====== Data below ======

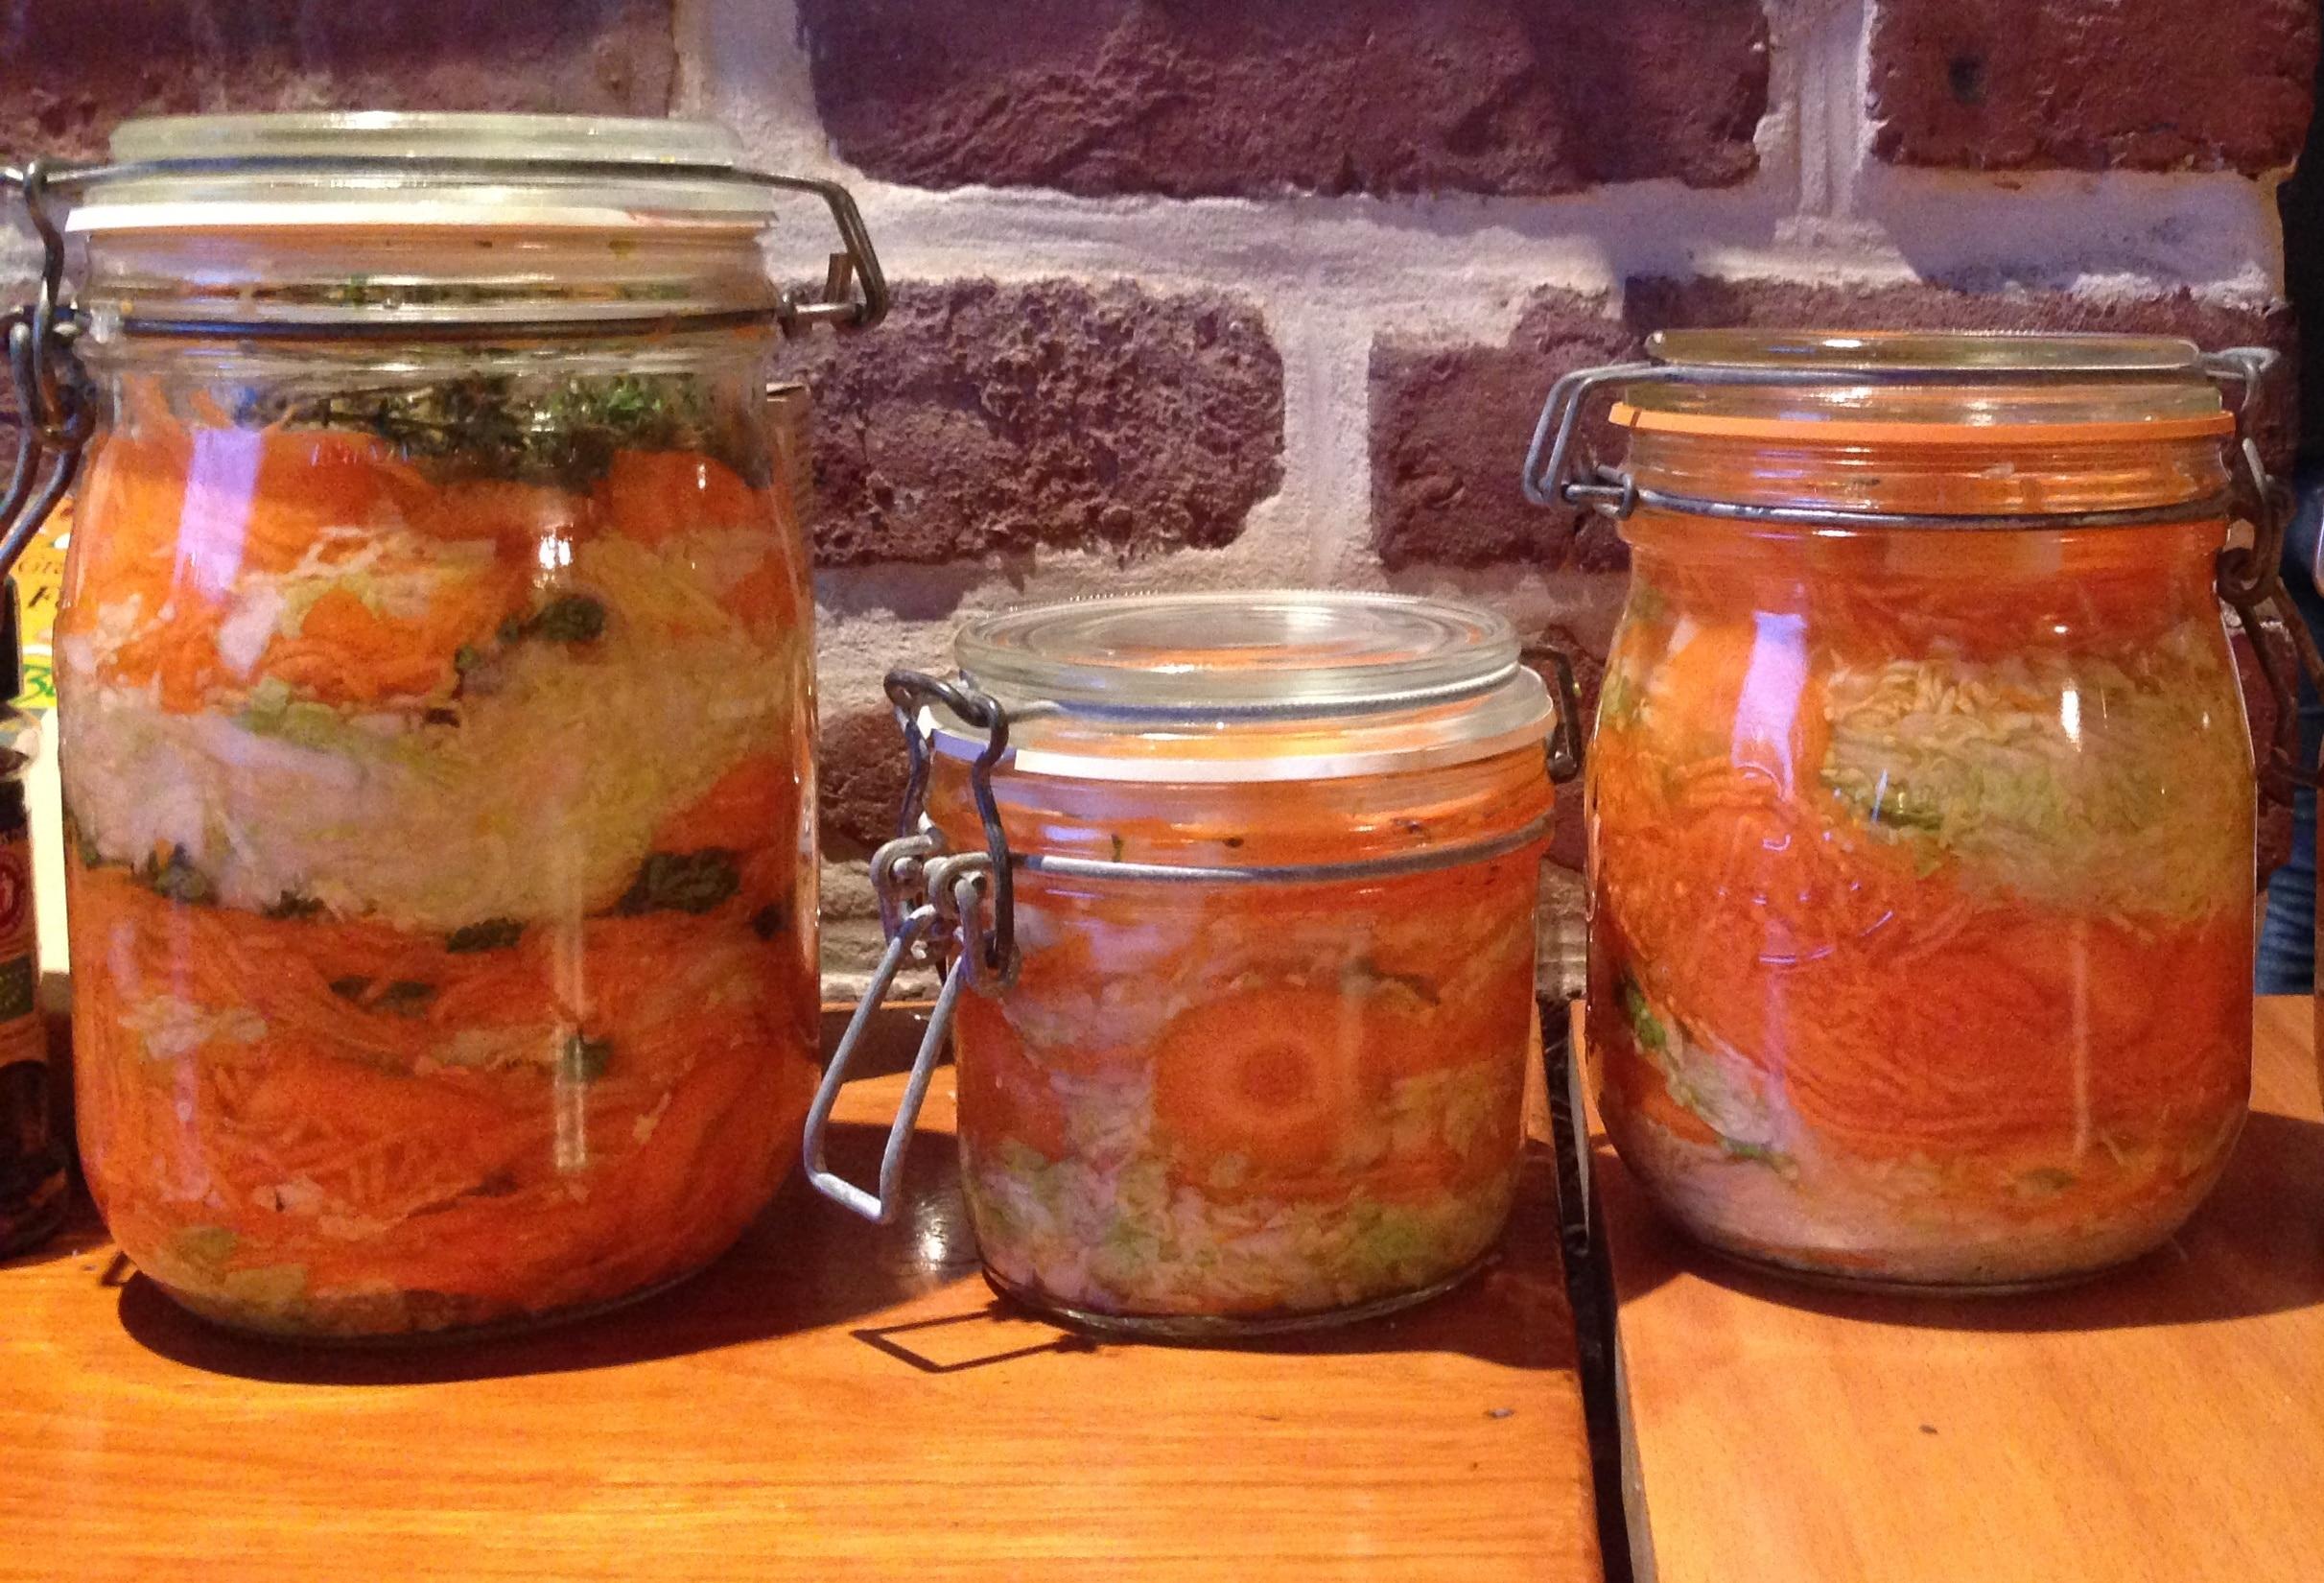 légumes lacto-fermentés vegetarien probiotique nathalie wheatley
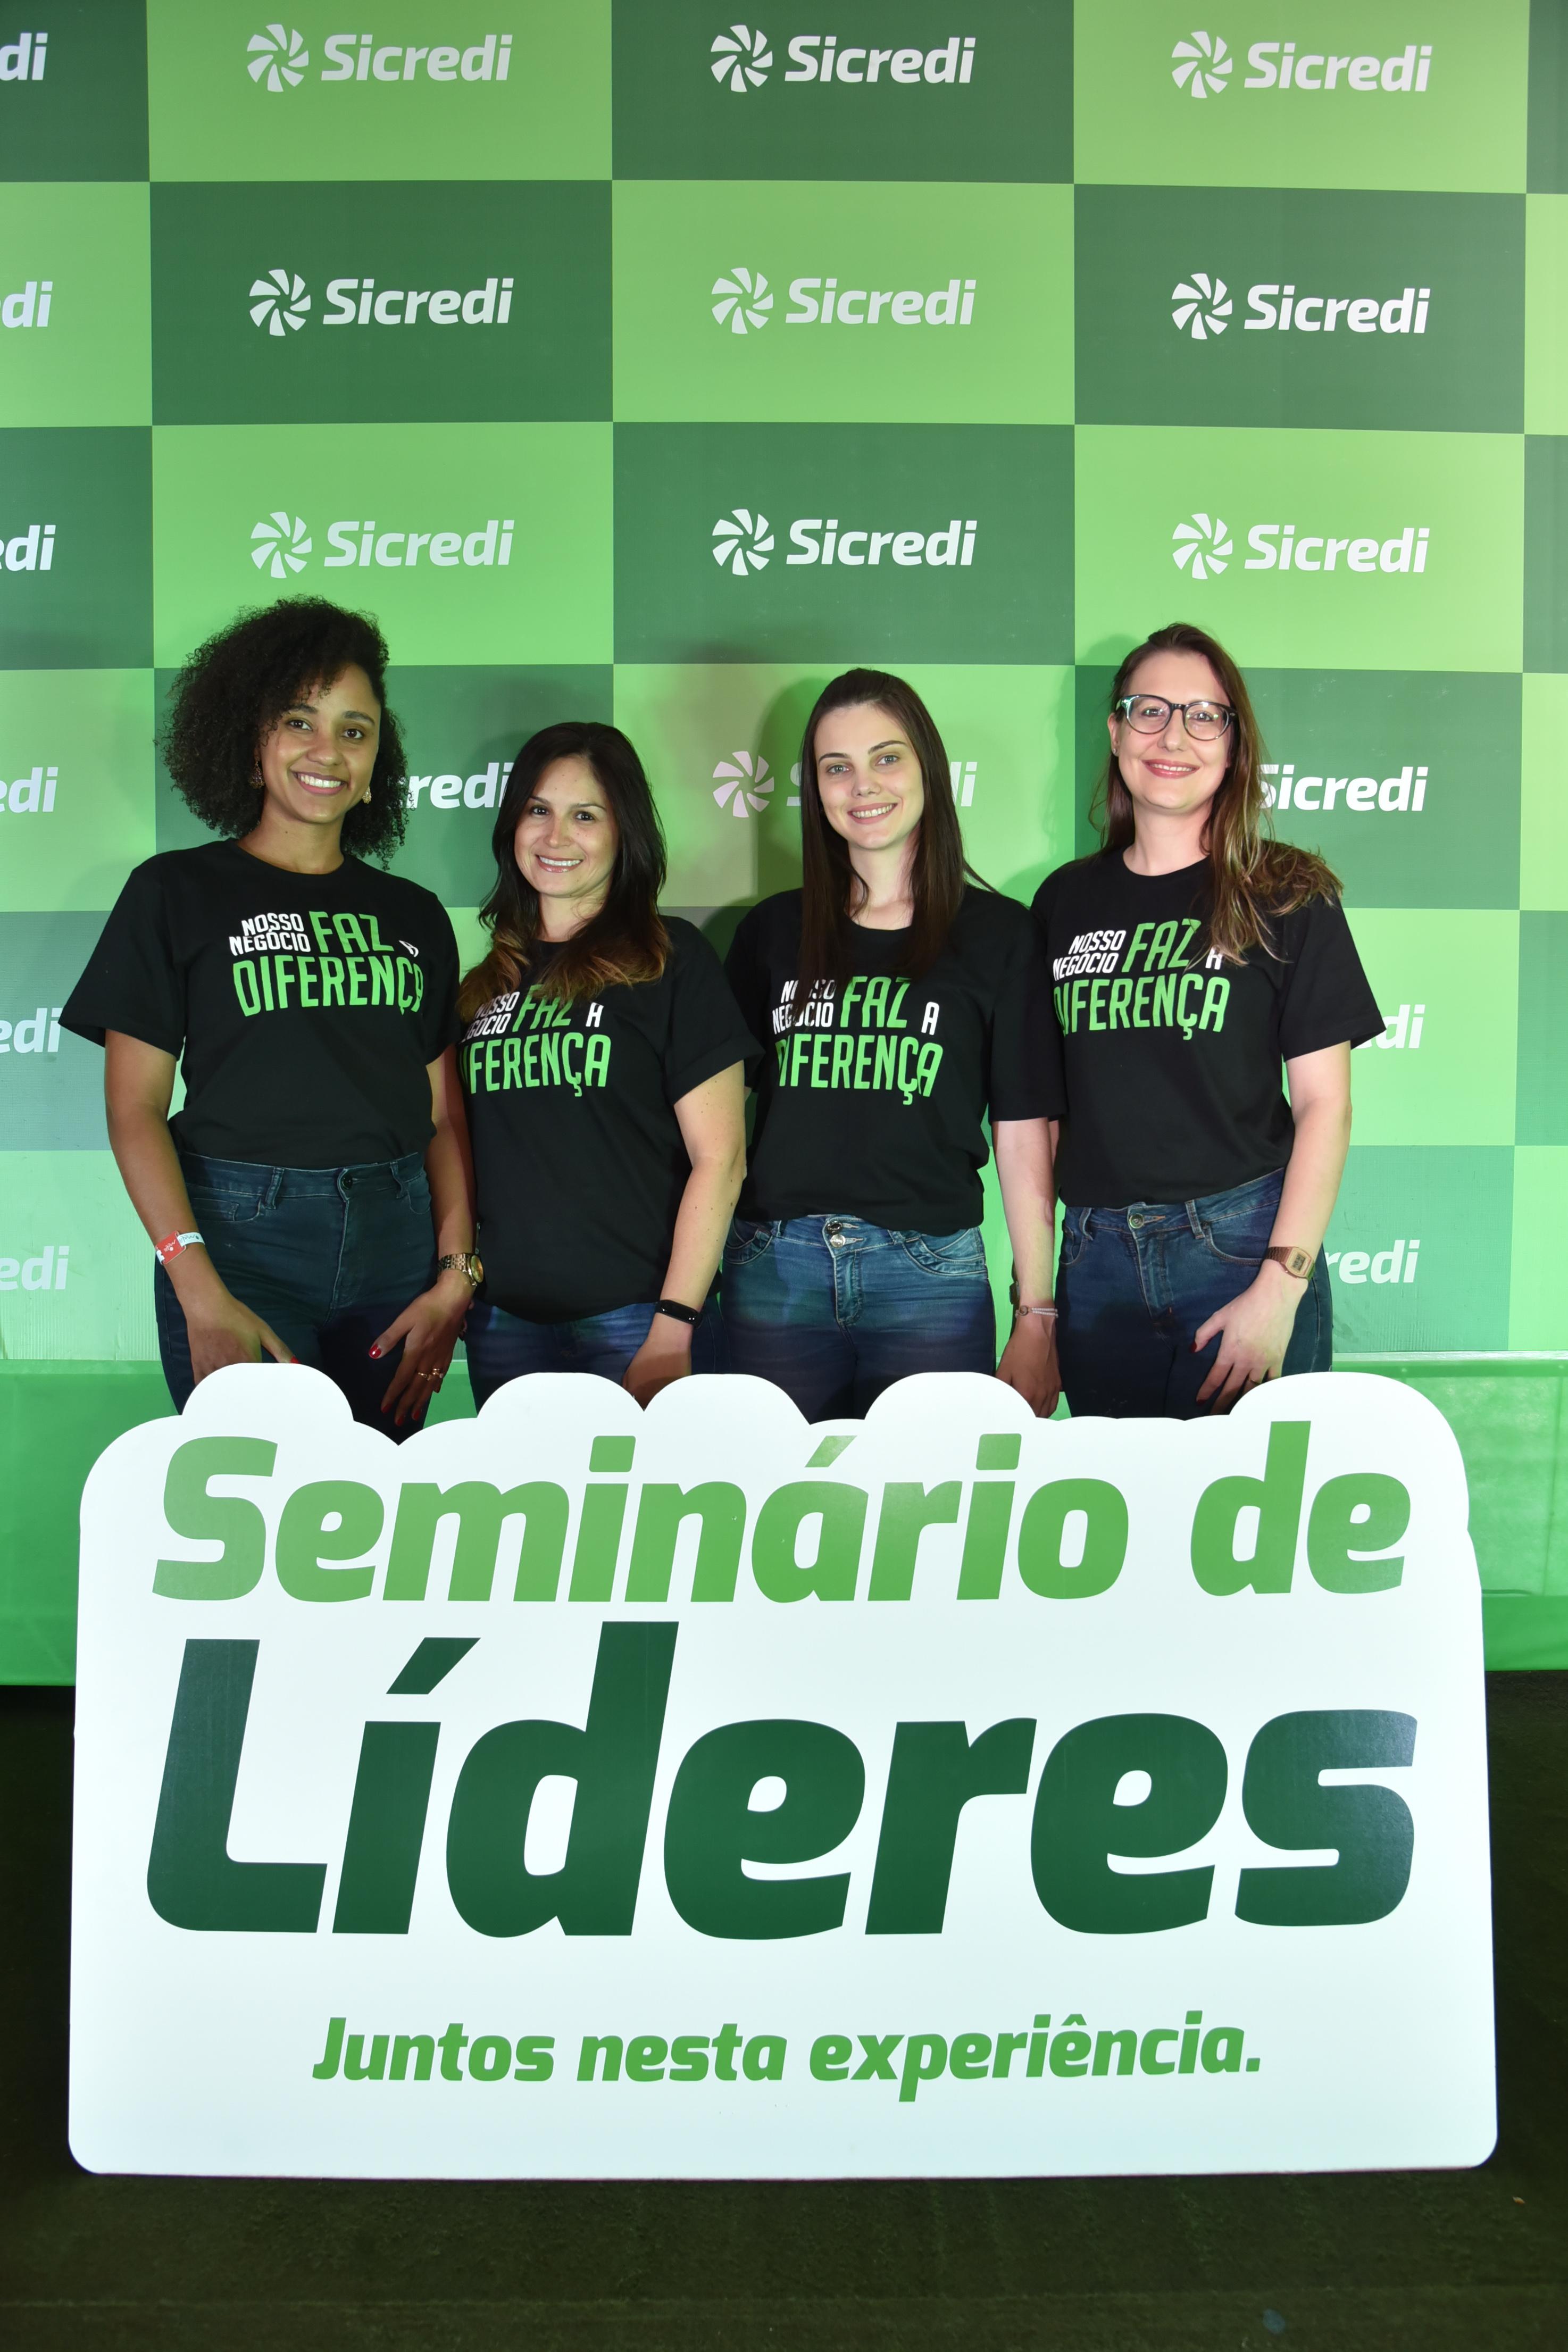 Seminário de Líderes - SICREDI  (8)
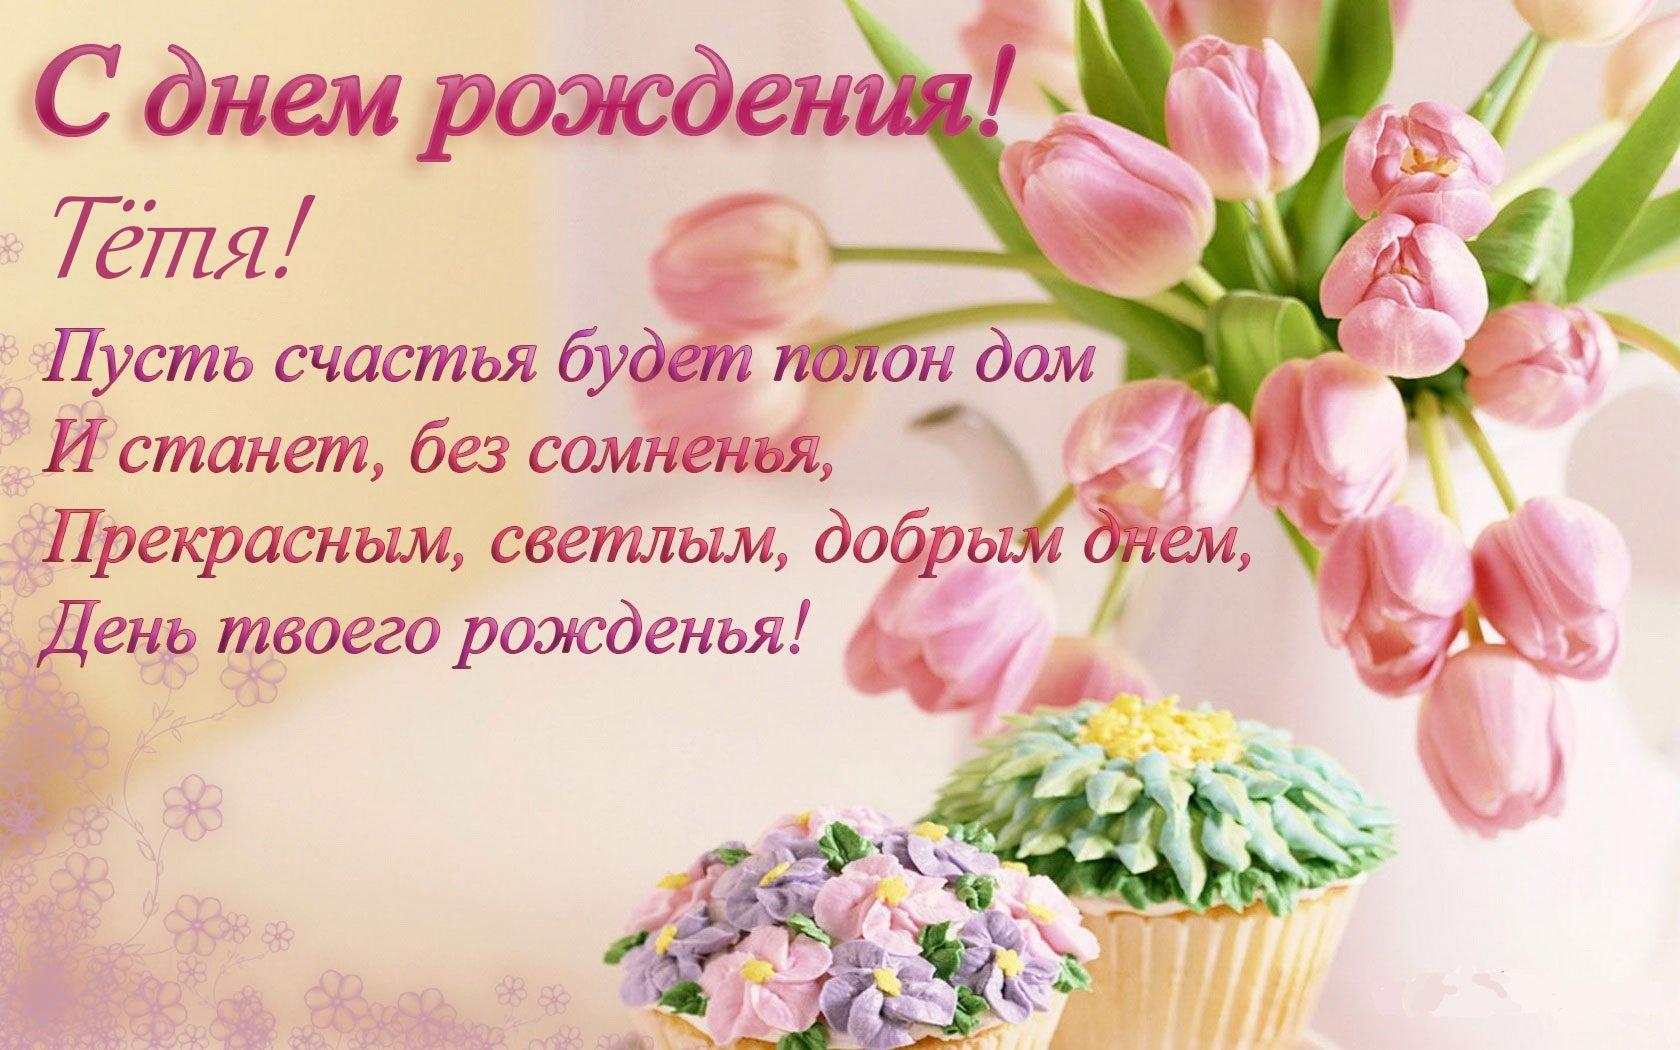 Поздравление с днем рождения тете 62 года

======

Exact output of each line above is wanted, without the pictures.

 légumes lacto-fermentés vegetarien probiotique nathalie wheatley
 Seminário de Líderes - SICREDI  (8)
 Поздравление с днем рождения тете 62 года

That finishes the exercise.